(DATASET EXTRACT)

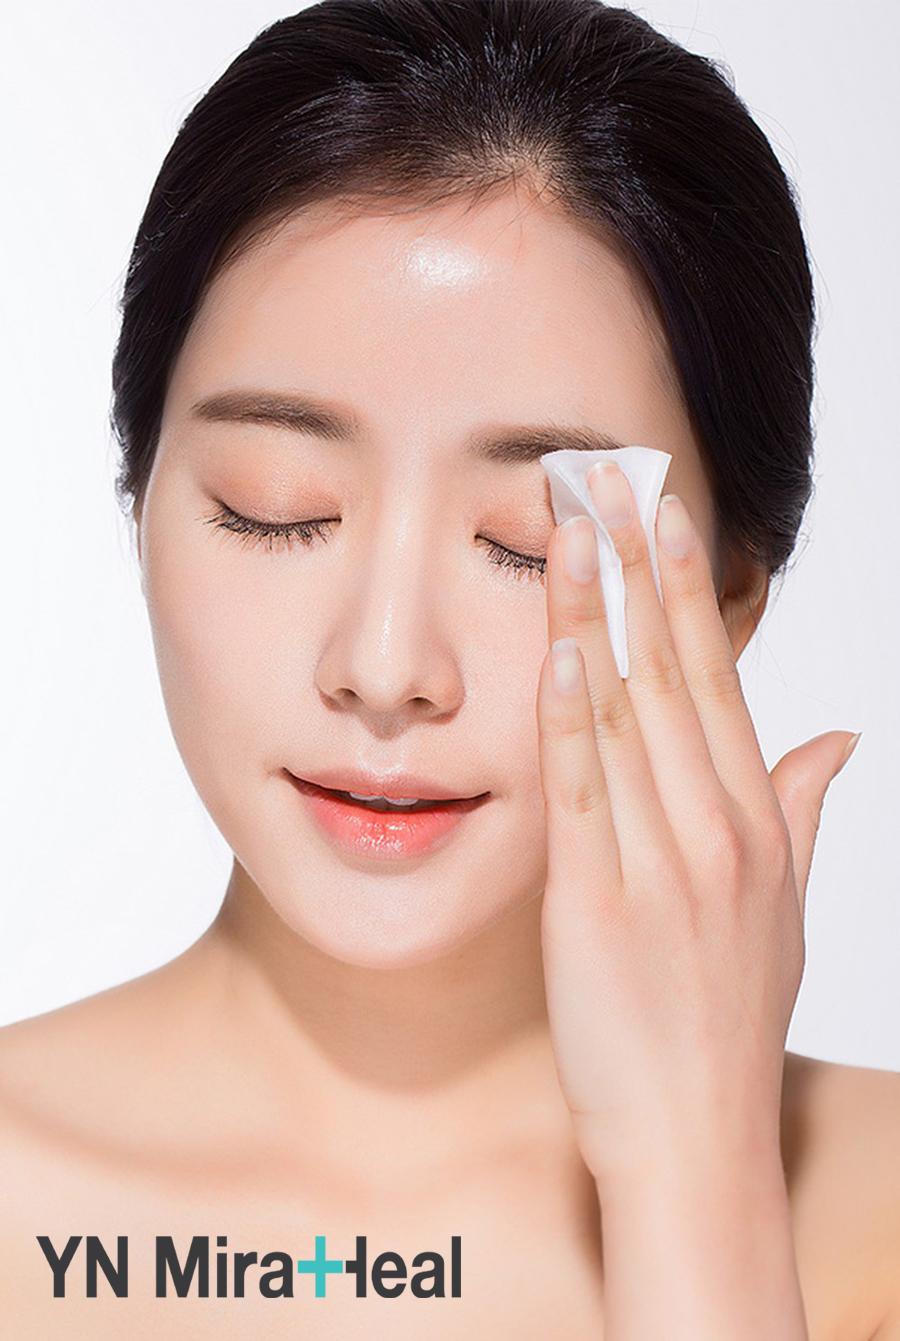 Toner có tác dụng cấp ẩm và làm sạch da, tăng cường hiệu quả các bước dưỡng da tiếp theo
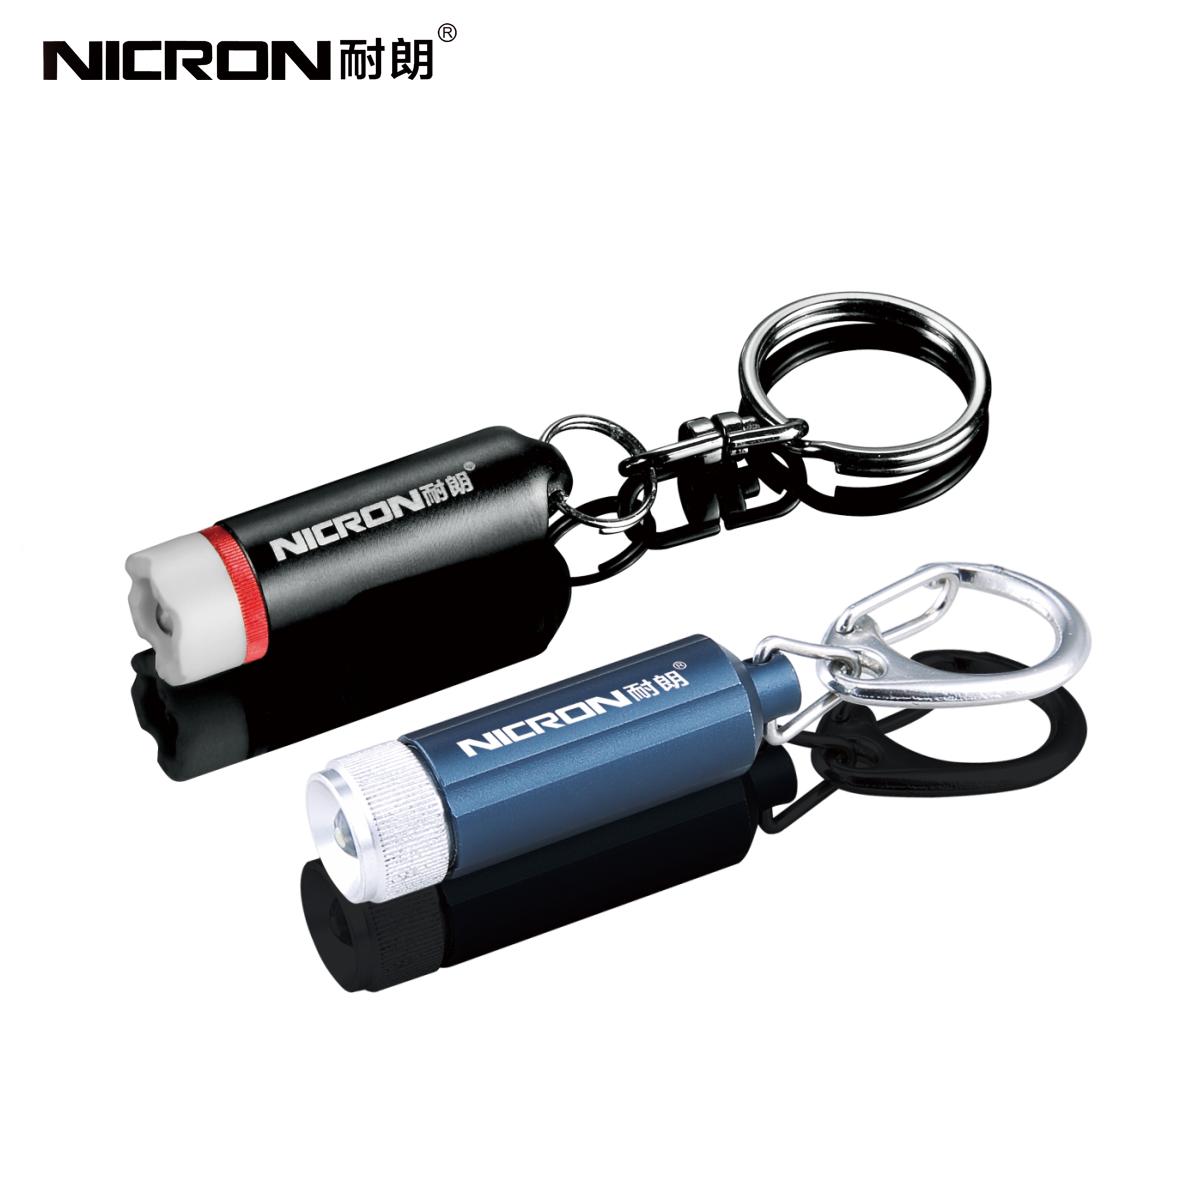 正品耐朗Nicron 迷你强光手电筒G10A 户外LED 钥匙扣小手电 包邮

(End DATASET EXTRACT)
(DATASET EXTRACT)

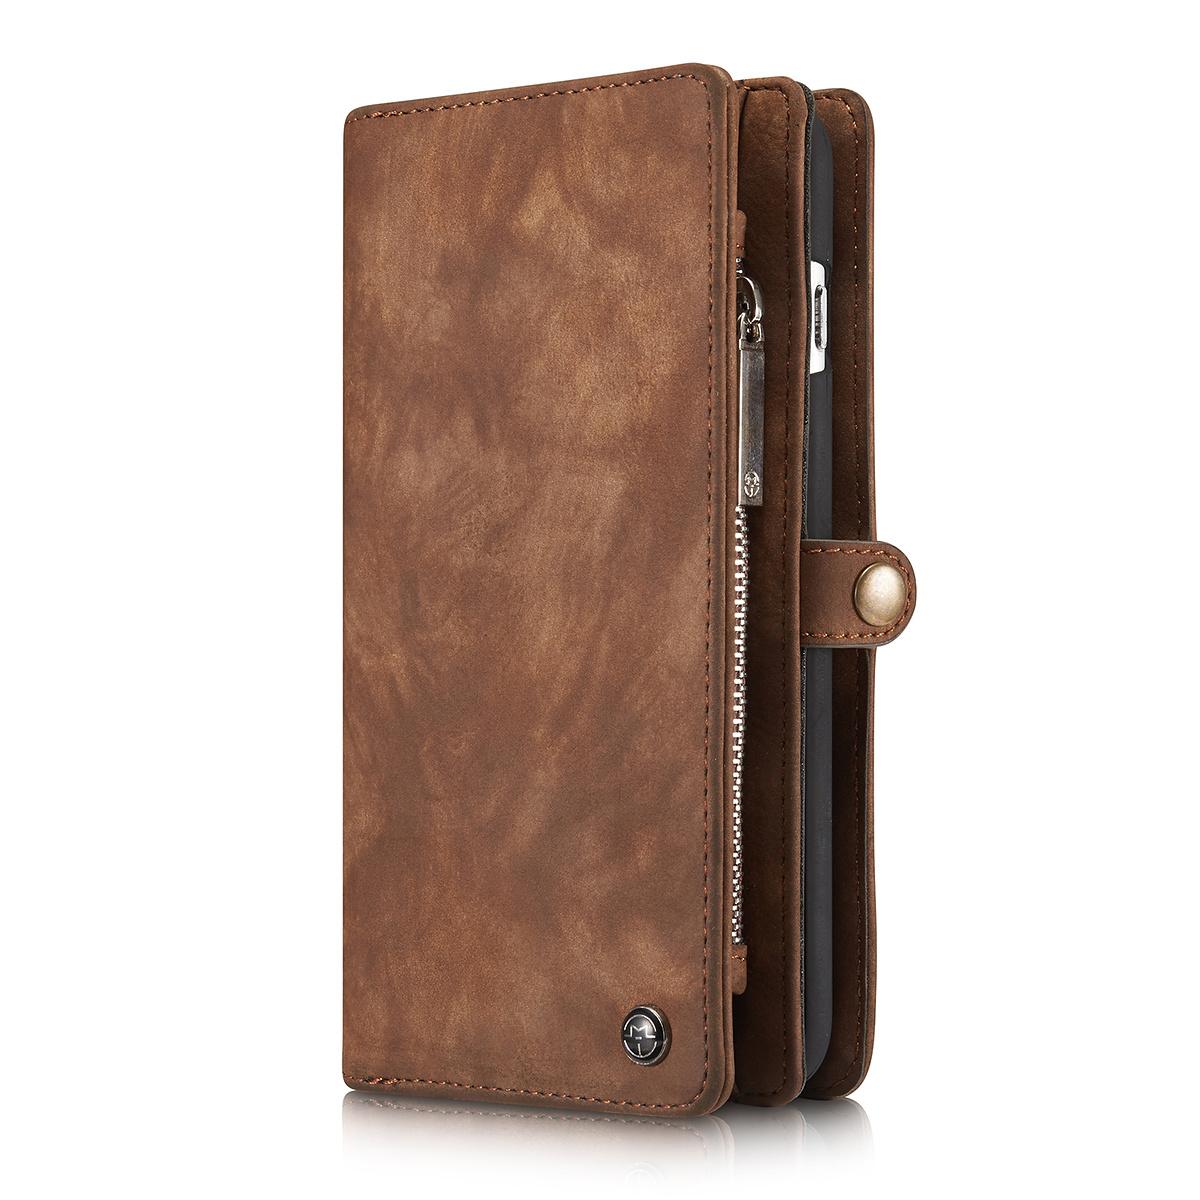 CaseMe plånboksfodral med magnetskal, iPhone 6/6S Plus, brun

(End DATASET EXTRACT)

■ TRY IT ■
For this exercise, transcribe exactly the part of the records above that opens with the line containing "Toner có tác" and closes with the one containing "正品耐朗Nicron 迷你强光手电筒G10A 户外LED 钥匙扣小手电 包邮". Pictures are not part of the copy.

■ ANSWER BOX ■
 Toner có tác dụng cấp ẩm và làm sạch da, tăng cường hiệu quả các bước dưỡng da tiếp theo
 正品耐朗Nicron 迷你强光手电筒G10A 户外LED 钥匙扣小手电 包邮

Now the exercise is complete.